Across the face?” I asked.

“Yeah,” said Eli with infinite sorrow.

“How old was he?” I asked.   

“However old you are when you can stand on your own two feet, I don’t know, one, one and a few months, I guess… a baby…”

After a while, of course, all Chava had to do was rattle the drawer where she kept the rigid, burlap-wrapped cord and my infant father would stand rigidly, eyes fixed on the floor in front of him, shuddering in terror.  A terror and humiliation that never left him, vicious pain inflicted for no reason by the mother who called him “Sonny”.   From the time he could stand.

It is impossible to reckon the damage this betrayal by your own mother would do to a person.  My father was often very mean to my sister and me, and the damage of that is hard to reckon.   I can only imagine the soul destruction my father experienced was ten times worse, maybe a hundred times worse.

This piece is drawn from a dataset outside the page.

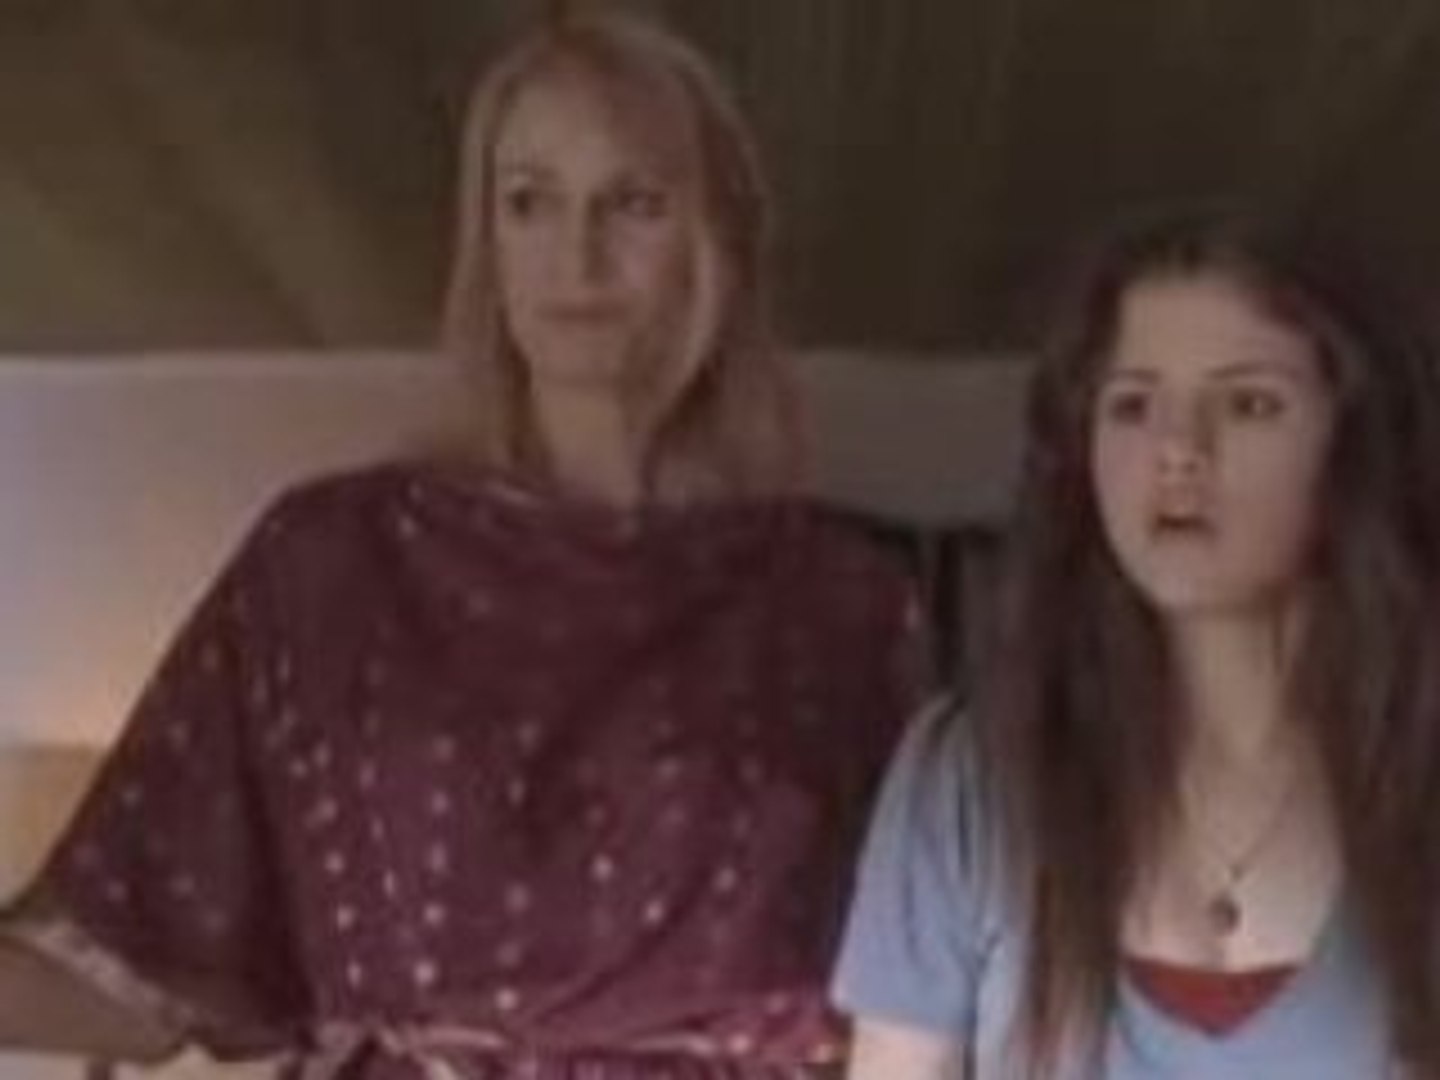 Jane Lynch and baby Selena Gomez in Another Cinderella Story (2008) :  r/OnlyMurdersHulu

“My life was pretty much over by the time I was two,” said the dying man as I stood beside his deathbed, the tiny digital recorder propped on his chest.   Many mysteries remain, all these years later.   One is how he managed to limit his abuse of my sister and me to harsh words.  Another is how he retained the ability, when things were darkest and scariest for us during our childhood. to empathize and calm us.   There are deep lessons in my father’s life for me and I will continue to delve until I have some answers worth sharing.